The group of patients with GE who underwent (ОН)D level test in PF showed (ОН)D level median value = 27.5 (20.4; 34.9) ng/mL wherein the subgroup of patients with I-II grade GE it was GE − 27.9 (22.3; 34.9) ng/mL while the patients with III-IV grade GE showed 23.1 (13.4; 35.2) ng/mL. The PF (ОН)D level median value was 5.2 (3.6; 9.1) ng/mL where patients with I-II grade GE showed 8.9 (4.9; 11.7) ng/mL, while those with III-IV grade GE − 3.6 (0; 5.2) ng/mL. 24% of patients with GE had 25(ОН)D levels in PF below the technique analytical sensitivity threshold thus we put it as equal to 0 ng/mL. A dependence was detected between 25(ОН)D levels in PB and PF (Wilcoxon rank-sum test, p < .001). The same dependence was preserved after dividing the patients into two groups: first with I-II grade GE and the other with III-IV grade GE (Wilcoxon rank-sum test, p < .001; p = .001). The dependence of 25(ОН)D levels in PB on the disease morbidity rate in patients was not detected (Mann-Whitney test, p = .19). Contrary to that the 25(ОН)D level in PF was significantly dependent on the morbidity rate (Mann-Whitney test, p = .004).
It was established that the frequency of the VDR BsmI gene G allele was authentically higher in the group with GE compared to the population sampling (p = .048). We have also established authentic differences for VDR BsmI gene polymorphic variant G/G genotype in patients with GE compared to the control (p < .05). According to the odds rate GE occurrence risk was 1.9 times higher for this genotype (OR = 1.93 CI = 1.082–3.450). On the contrary, it was also detected that A/A + G/A genotype combination was authentically more frequent in the population (p = .025).
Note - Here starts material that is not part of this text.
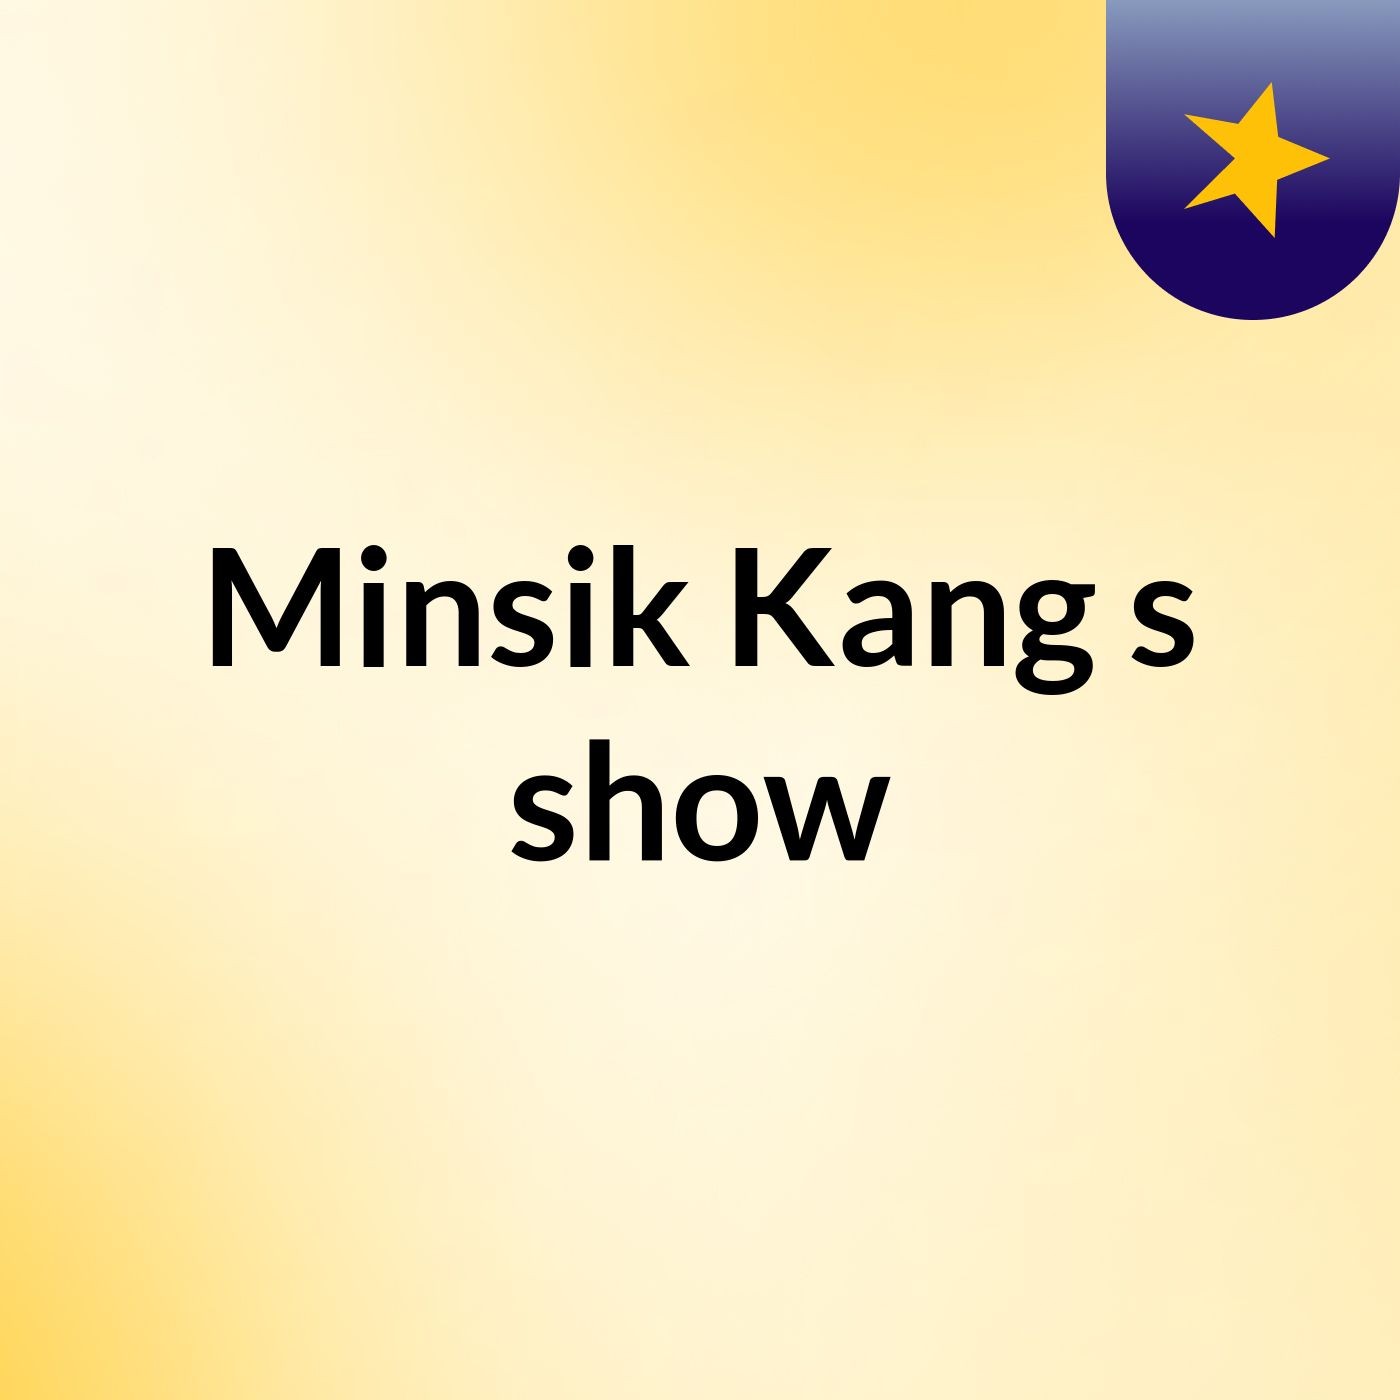 Minsik Kang's show

VDR expression was verified in the glad epithelium of eutopic and ectopic endometriosis (,,) as well as in the endometrium of control group patients. The results of VDR expression estimation are presented in . It should be mentioned that according to histological examination endometrium hyperplasia was detected in 5 patients and thus the data of these patients were ignored in VDR expression index analysis. In the other, examined cases endometrium structure corresponded to the proliferative (n = 7) and the secretory (n = 20) cycle phases.
Figure 2. VDR expression in glands and stroma of eutopic endometrium – secretory phase. IHC test × 400.
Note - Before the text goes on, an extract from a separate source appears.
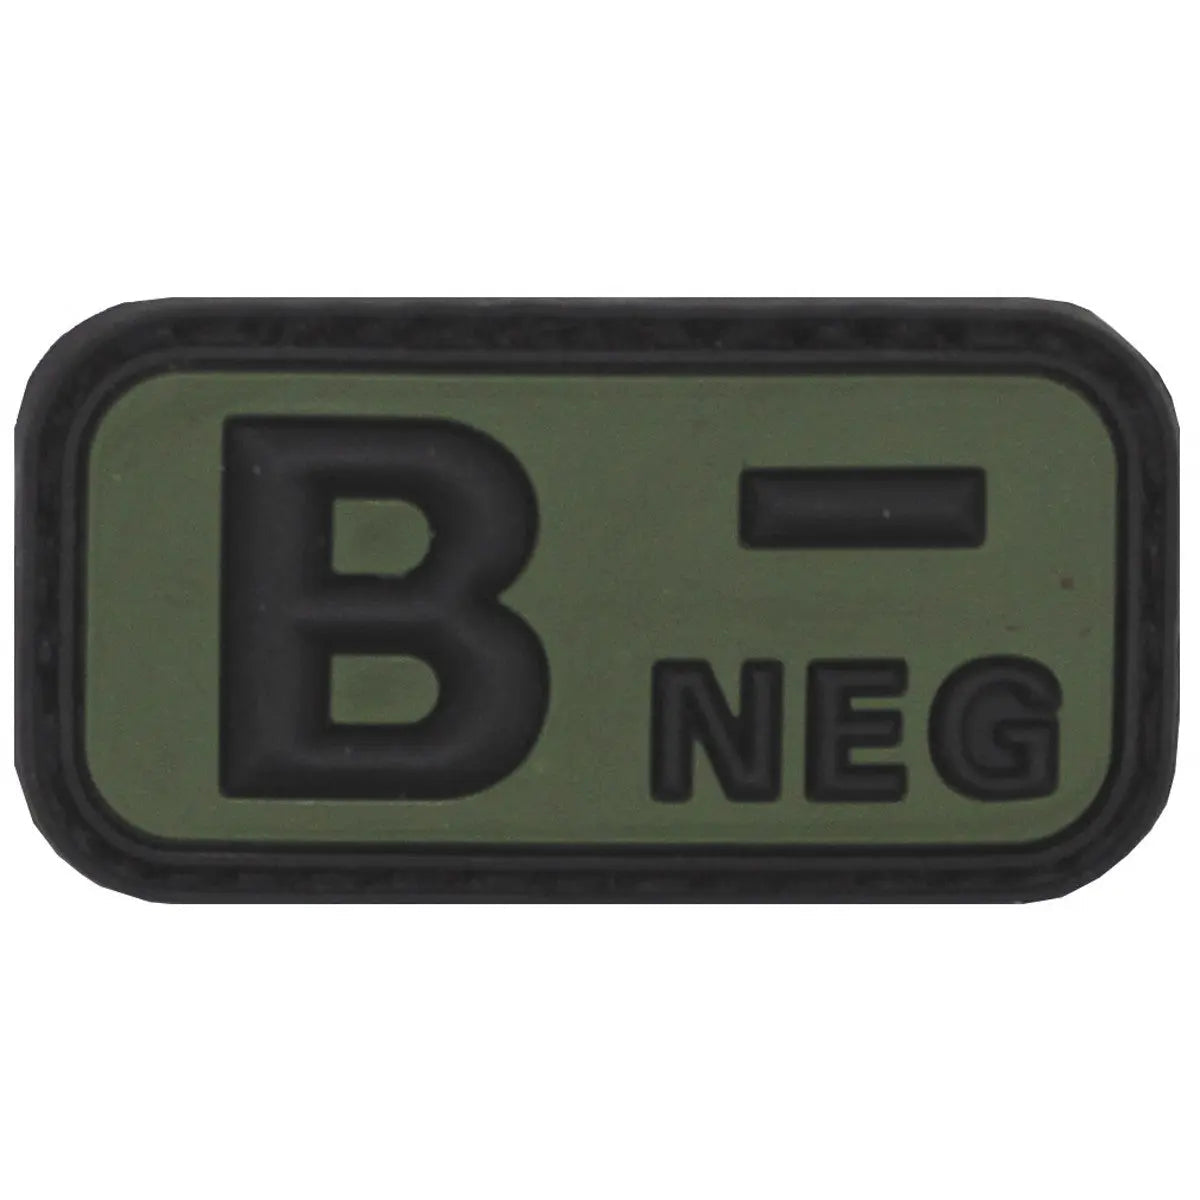 Velcro Patch, black-OD green, blood group "B NEG", 3D

Figure 3. VDR expression in endometrioid heterotopias. IHC test × 200.
Table 2. Estimation of VDR expression in endometrioid heterotopias and the endometrium of patients with GE and in the endometrium in patients from the control.
VDR expression in the endometrioid heterotopias was statistically significantly lower compared to the indexes of eutopic endometrium in GE patients: 1.6 times lower in the proliferative phase and 2.1 times lower in the secretory phase of the menstrual cycle (DSCF test p = .01 and p < .001) respectively. The comparison of VDR expression in endometrioid heterotopias to that in the endometrium in patients from the control in the secretory phase showed also a significant decrease of the expression level − 2.2 times in cases of endometriosis (DSCF test, p = .007). No significant difference, however, was detected between the endometrioid heterotopias of the basic group and the control group endometrium in the proliferative phase (DSCF test, p = .413). No statistically significant difference for VDR expression in endometrioid heterotopias could be detected between secretory and proliferative menstrual cycle phases (Mann-Whitney test, p = .808). VDR expression in the endometrium of patients with GE statistically did not vary in different menstrual cycle phases (Mann-Whitney test, p = .314). Along with that the control group in the menstrual cycle secretory phase showed VDR expression 1.5 times increase compared to the same index in the proliferative phase (Mann-Whitney test, p = .043).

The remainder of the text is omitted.